HFMA National Institute Offers Inspiration and Guidance
With the sun shining in Orlando, the 2013 Healthcare Financial Management Association (HFMA) National Institute (June 16-19) kicked off with inspirational messages from the association's last and current chair.
Ralph E. Lawson, FHFMA, CPA, 2012-2013 chair, HFMA, executive VP and CFO, Baptist Health South Florida, said now is a great time to work in healthcare despite the fact that there are greater challenges, changes and uncertainty than at any time in the recent past.
"I believe the people in this room will reform healthcare," Lawson said. "I don't think it's going to be done in Washington."
Taking the stage next, Steven P. Rose, FHFMA, CPA, 2013-2014 chair HFMA, CFO, Conway Regional Health System, urged healthcare finance professionals to employ a "whatever it takes" mindset: "I learned early on you can't just be worried about credits and debits."
He said a "whatever it takes" mindset means leading by example and inspiring others to follow. Something as simple as stopping to pick up a piece of paper on the floor of the hospital can show other colleagues and staff members of an executive's or manager's dedication to their organization. "This is not just a slogan for me," Rose said.
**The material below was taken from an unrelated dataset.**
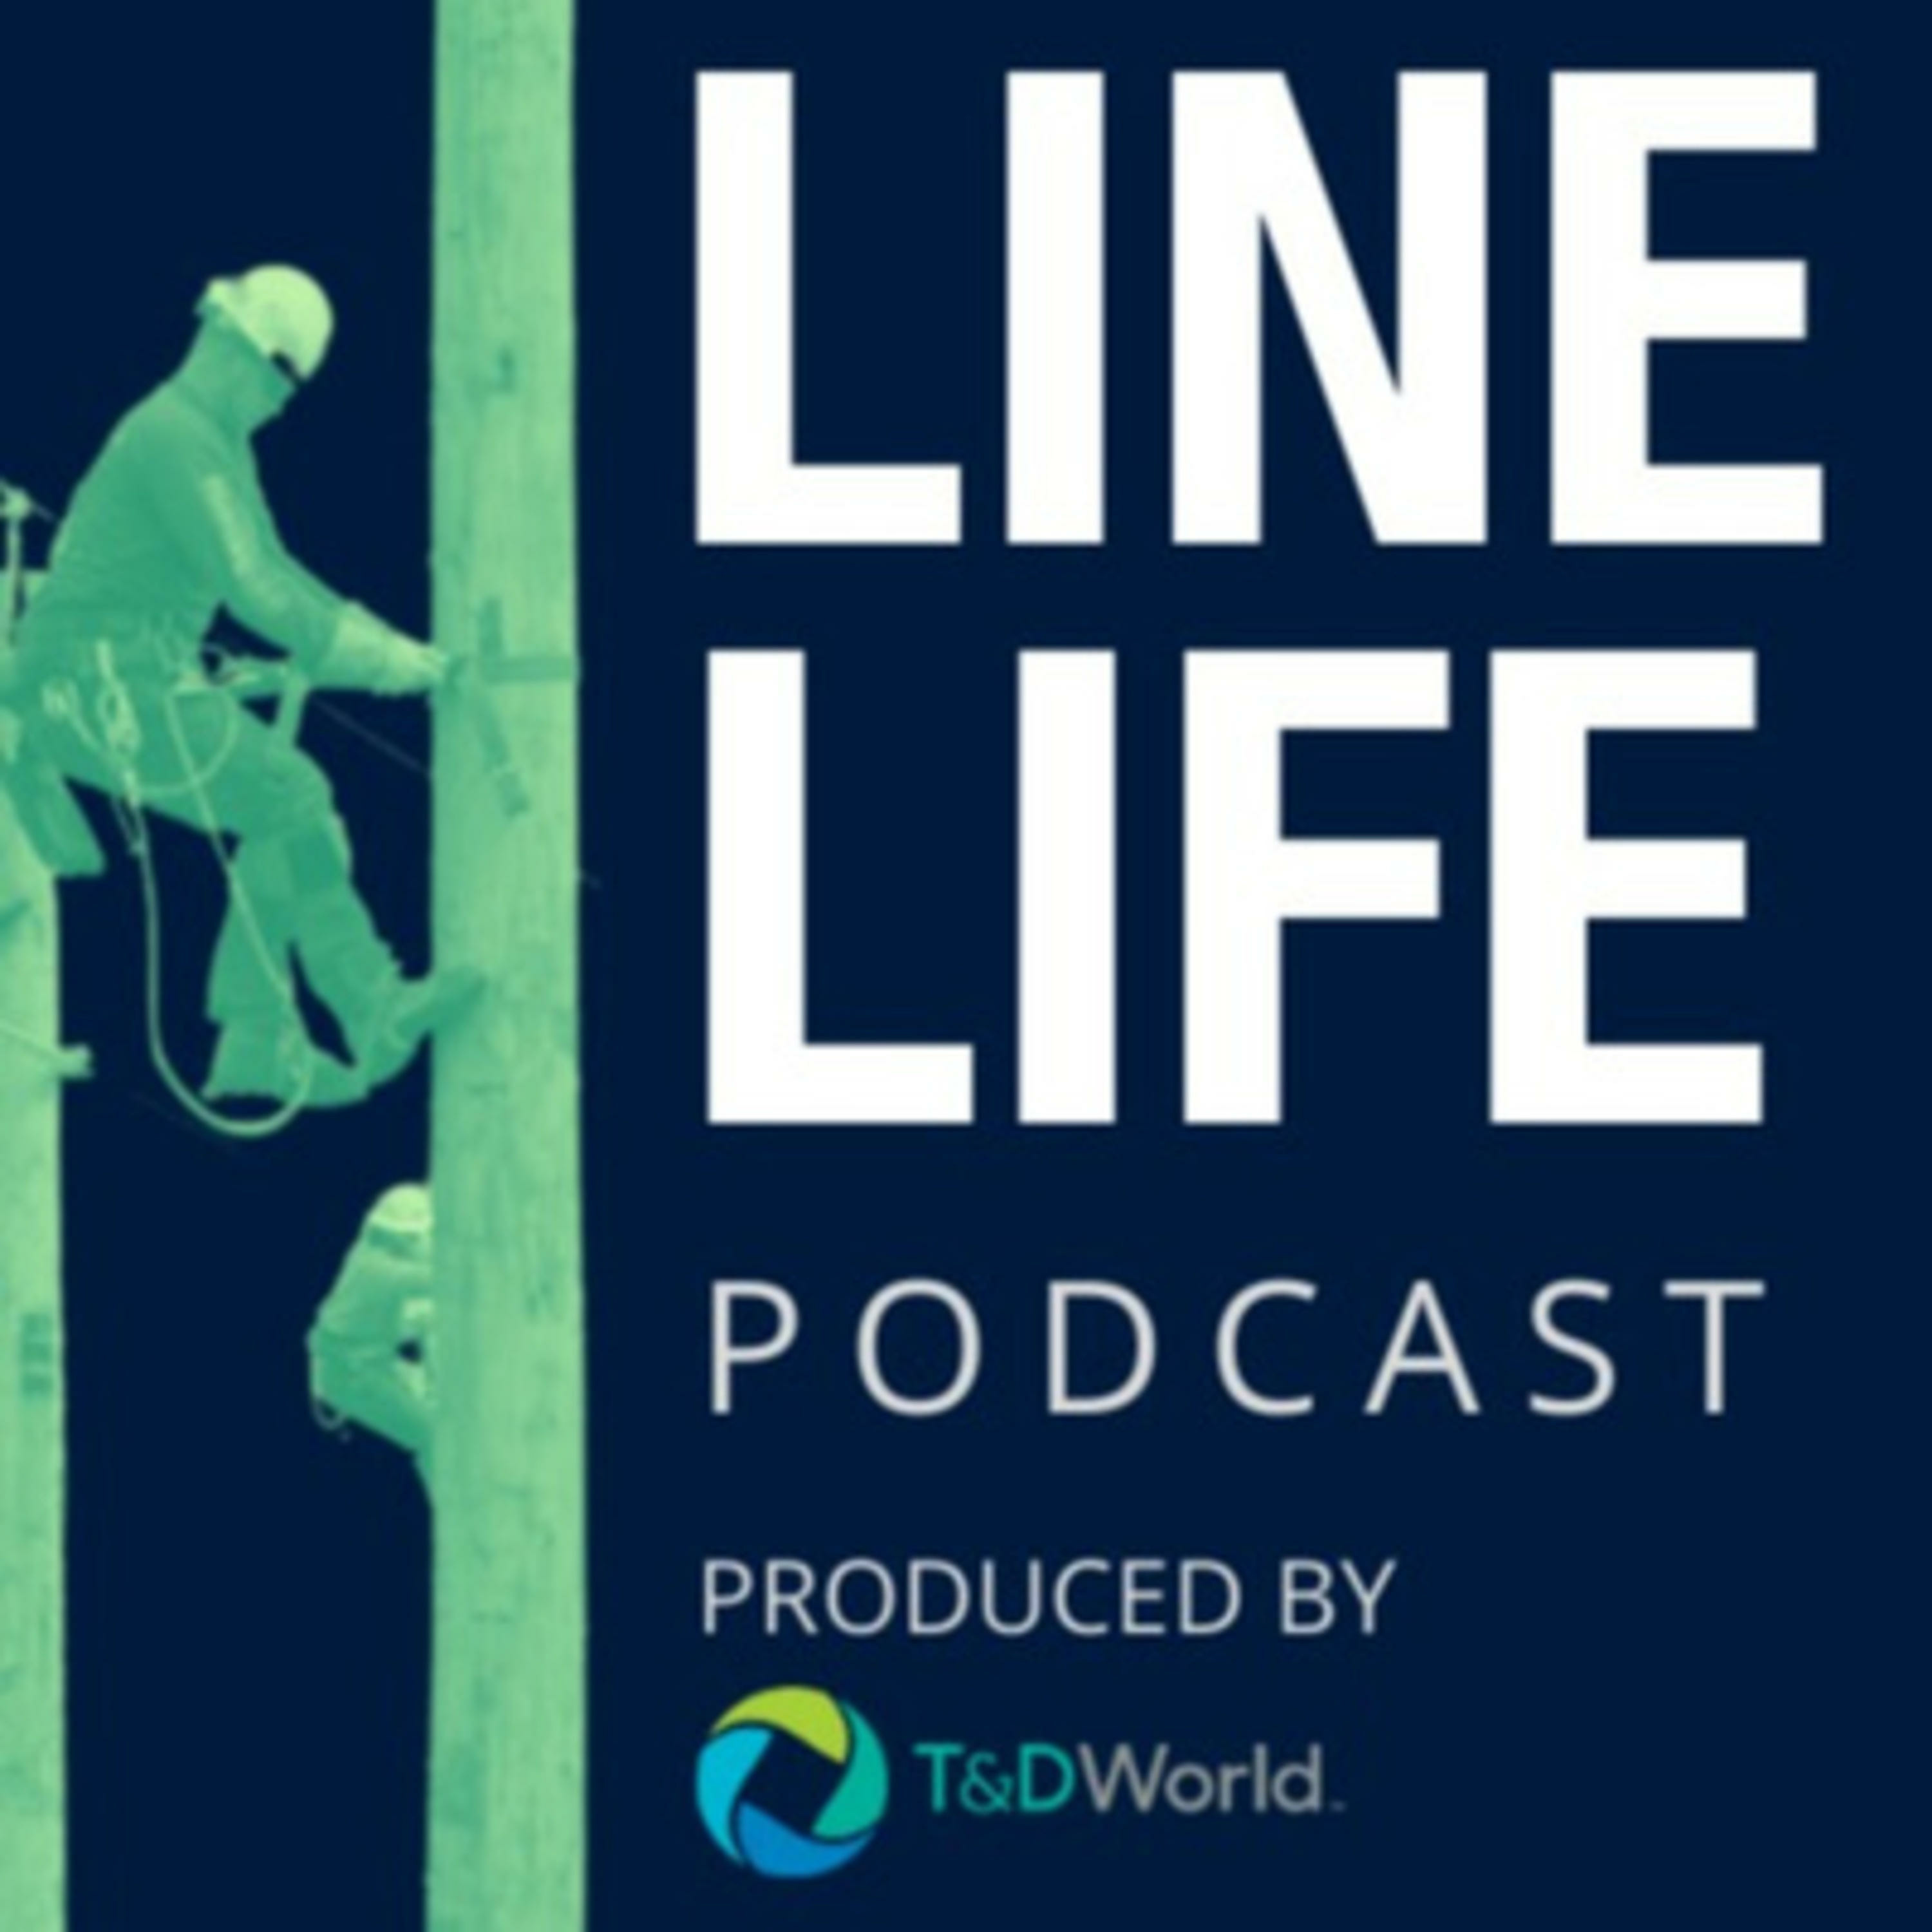 The Line Life Podcast
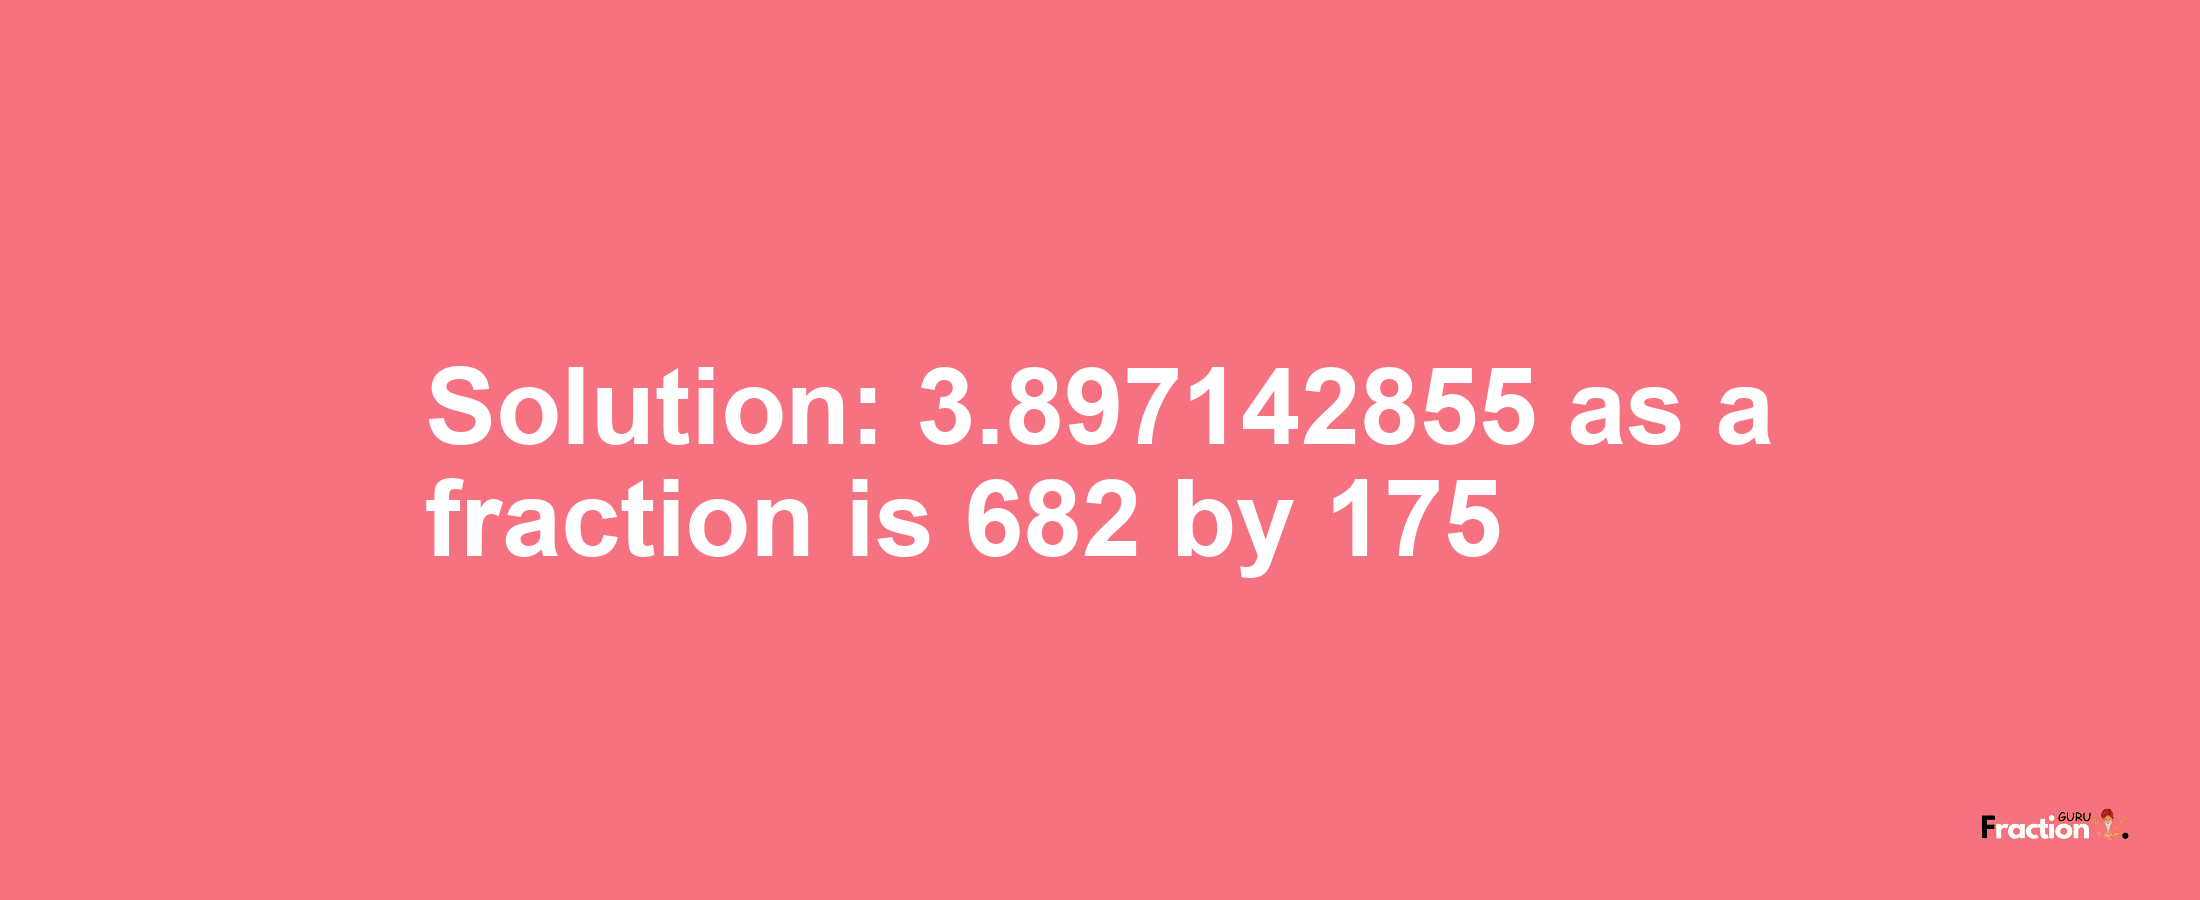 Solution:3.897142855 as a fraction is 682/175

Hall of Fame Football Coach Joe Gibbs gave Monday's Keynote Address. The former head coach of the NFL Washington Redskins took the once-failing Redskins to four Super Bowls and three world championships. Later as leader of the Joe Gibbs Racing team, Gibbs won the Daytona 500 in his second year of racing and went on to win two Winston Cup Championships.
Wearing one of his Super Bowl rings during the talk, Gibbs drew parallels between coaching and managing employees, and said he looked at healthcare management professionals as coaches. "You pick people, put them on a team, ask them to sacrifice their individual goals for the goals of a team…We're team-building."
Gibbs offered several specific pieces of advice, including:
Define and measure your goals in the shortest timespan possible for your team.
Make sure you're handing out rewards. People will compete.
What is the most important asset in an organization? Your people.
"If I pick the right 50 players, they're gonna make me look good," Gibbs said. "What's the hardest thing that you and I have to do? Pick people. How are you picking people? The resumee?"
He challenged attendees to make sure they were considering the right factors when hiring employees. "What you and I need to do in picking people is to find people that care about what they're doing. They come early. They stay late."
In a breakout session called "Improving Quality Data to Drive Financial Performance," Kari Conicelli, FHFMA, CPA, vice president and CFO, Sharp Grossmont Hospital, and Garri L. Garrison, RN, director, Consulting Services, 3M Health Information Systems, discussed the importance of getting clinicians and staff members on board with a Clinical Documentation Improvement (CDI) program through education on issues such as the way information is abstracted by coders and potential RAC problems, as well as better training on coding and new technology.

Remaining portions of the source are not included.